Modern Practice and Outcomes of Reoperative Cardiac Surgery

2021 
ABSTRACT Objective To evaluate recent practice and outcomes of reoperative cardiac surgery via resternotomy. Use of early versus late institution of cardiopulmonary bypass (CPB) before sternal re-entry was of particular interest. Methods From January 2008 to July 2017, 7,640 patients underwent reoperative cardiac surgery at Cleveland Clinic. The study group consisted of 6,627 who had a resternotomy and preoperative computed tomography (CT) scans; 755 and 5,872 were in the early and late institution of CPB groups, respectively. Patients were stratified into high (n=563) or low (n=6,064) anatomic risk of re-entry based on CT criteria. Weighted propensity-balanced operative mortality and morbidity were compared with surgeon as a random effect. Results Reoperative procedures most commonly incorporated aortic valve replacement (n=3,611) and coronary artery bypass grafting (n=2,029), but also aortic root (n=1,061) and arch procedures (n=527). Unadjusted operative mortality was 3.5% (235/6,627), and major sternal re-entry and mediastinal dissection injuries were uncommon (2.8%).

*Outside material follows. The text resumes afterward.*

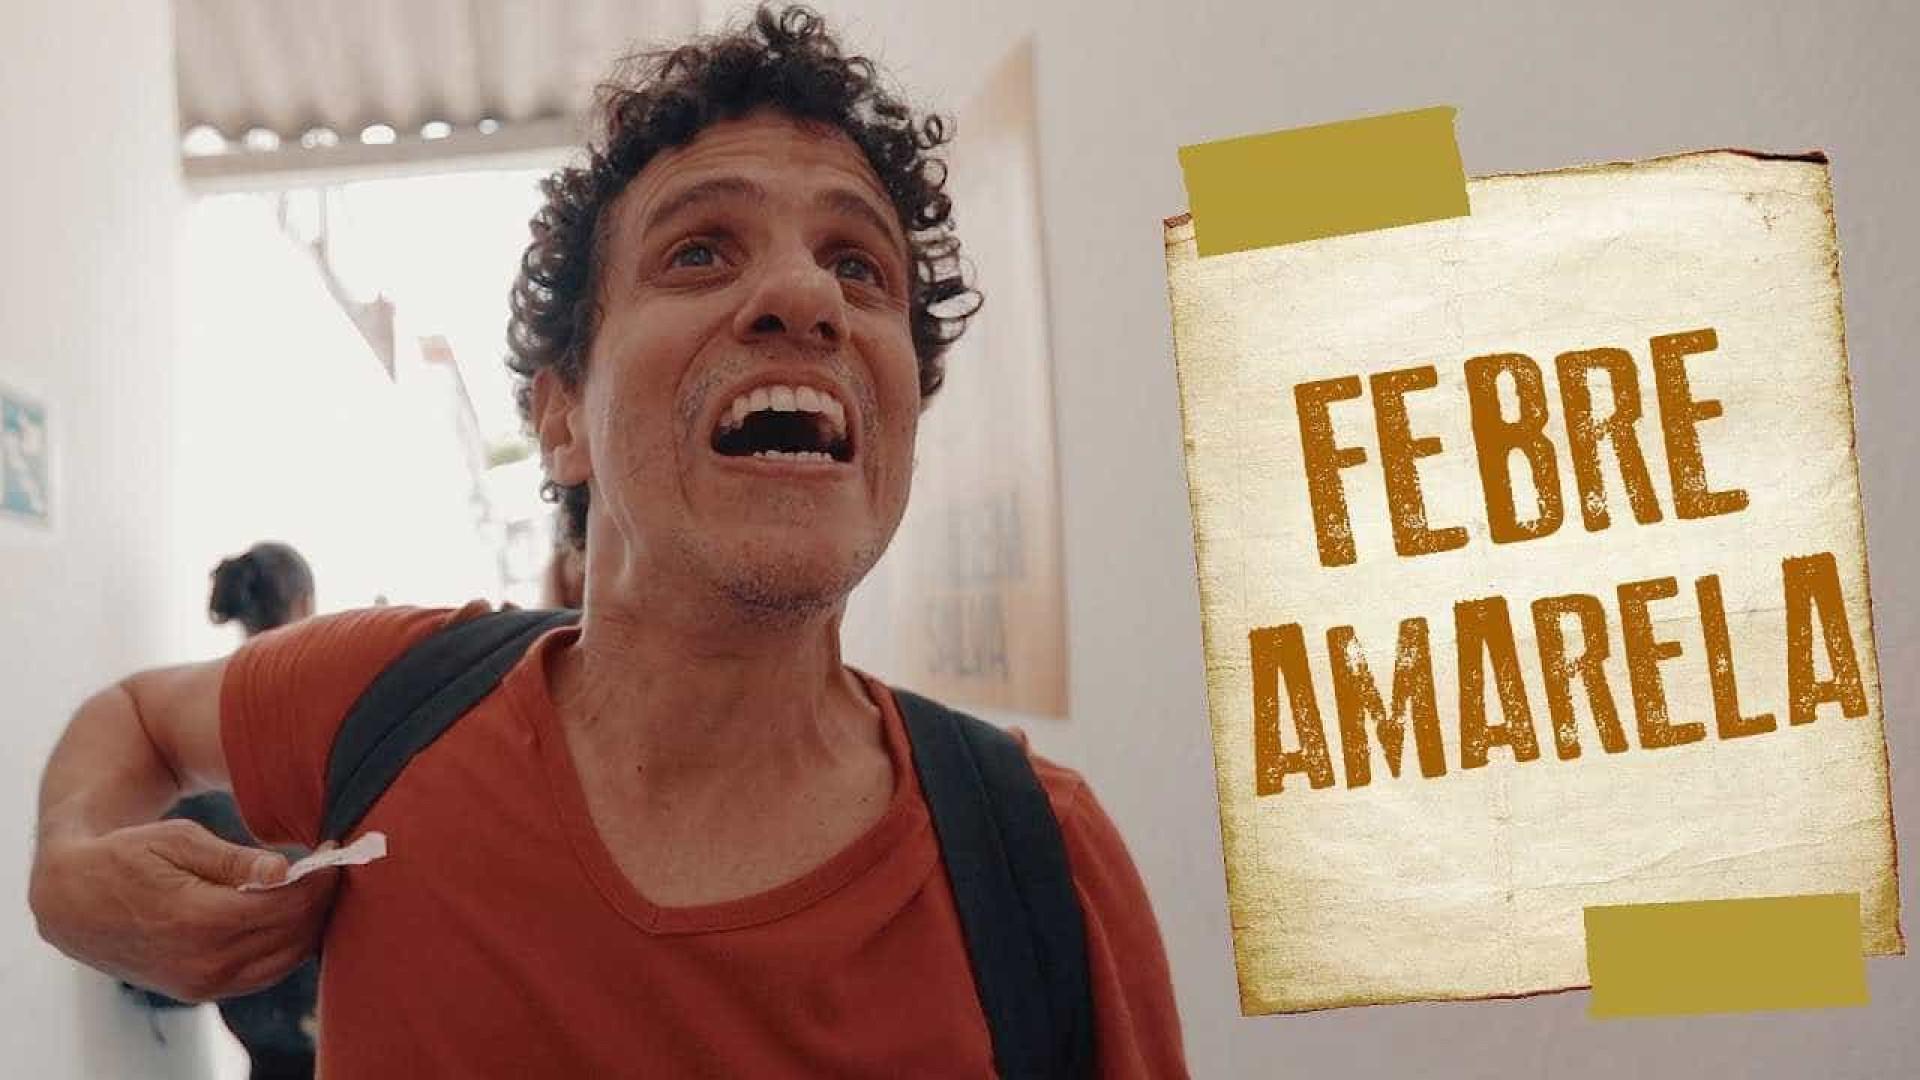 Humoristas comparam fila da vacina de febre amarela a reality; veja
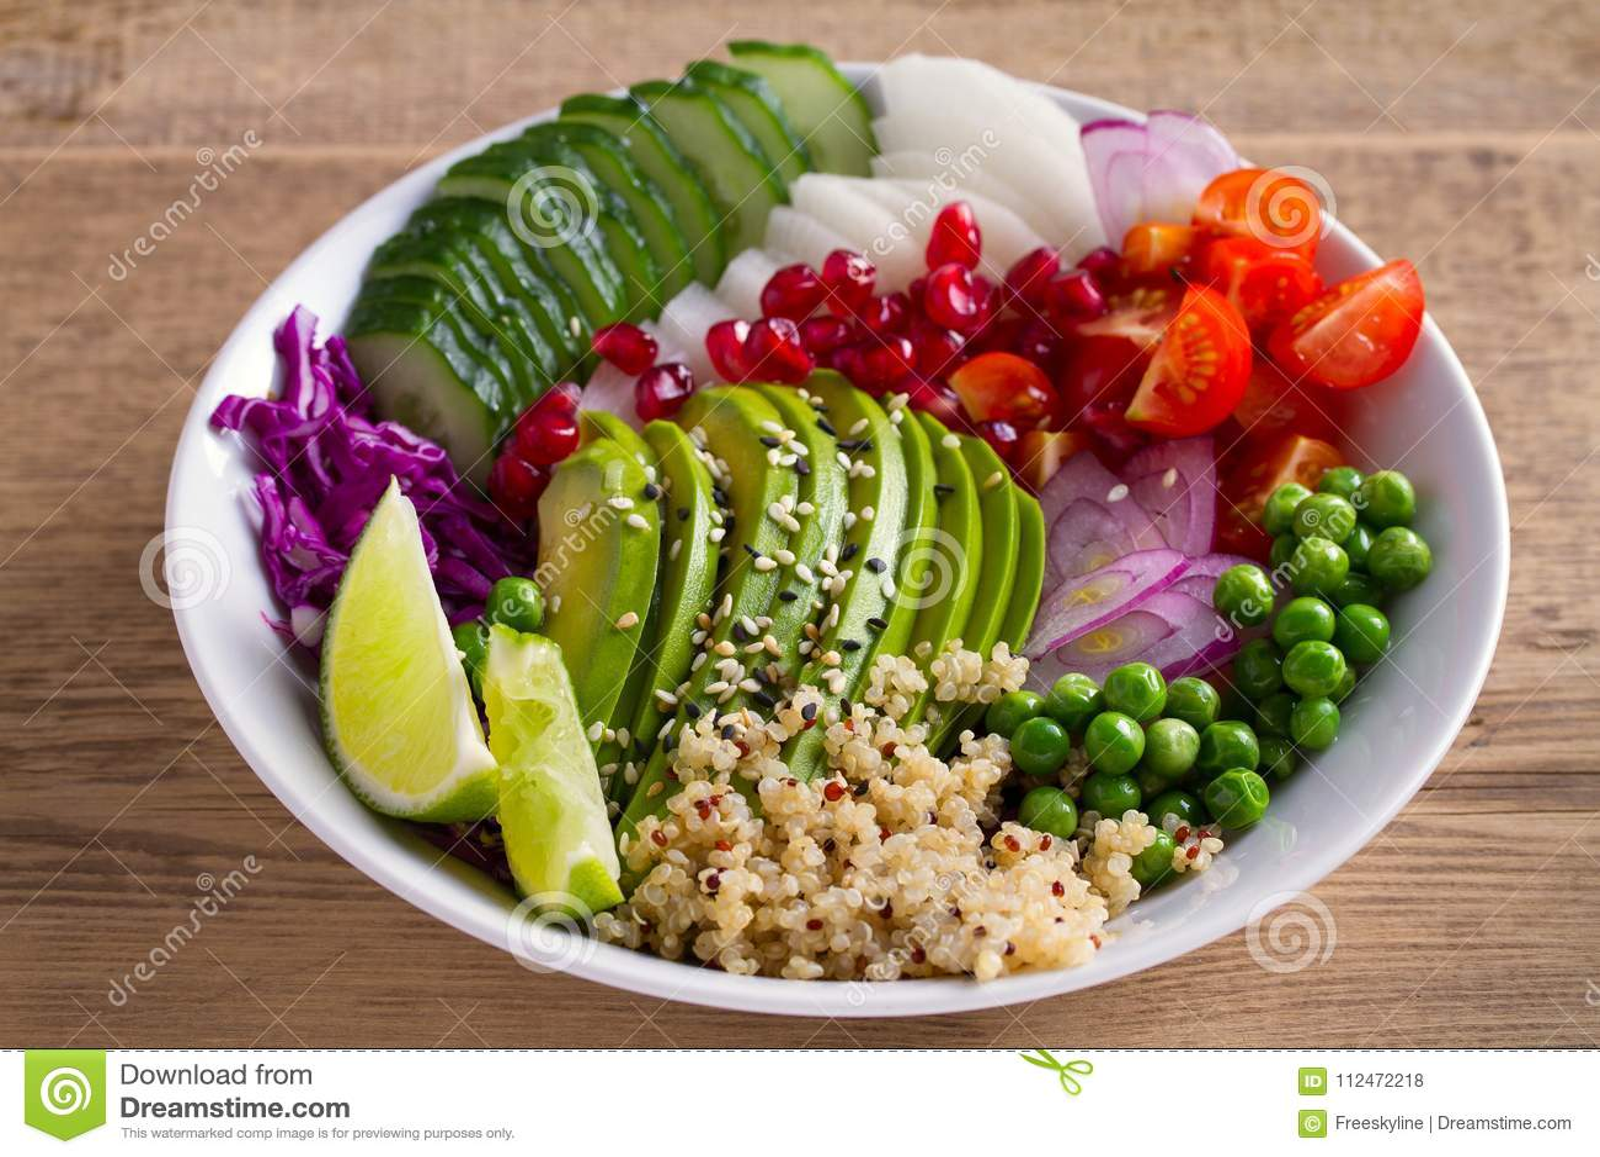 Säubern Sie das gesunde Detoxessen Mittagessenschüssel des strengen Vegetariers und des Vegetariers Quinoa, Avocado, Granatapfel,

In the propensity-weighted analysis, similar mortality (3.1% vs 4.5%, P=.6) and major morbidity, including stroke (1.8% vs 3.2%) and dialysis (0 vs 2.6%), were noted in the high anatomic risk cohort between early and late CPB groups. Similar trends were observed in the low anatomic risk cohort (mortality 3.5% vs 2.1%, P=.2. Conclusions Reoperative cardiac surgery is associated with low operative morbidity and mortality at an experienced center. Early and late CPB strategies have comparable outcomes in the context of an image-guided, team-based strategy.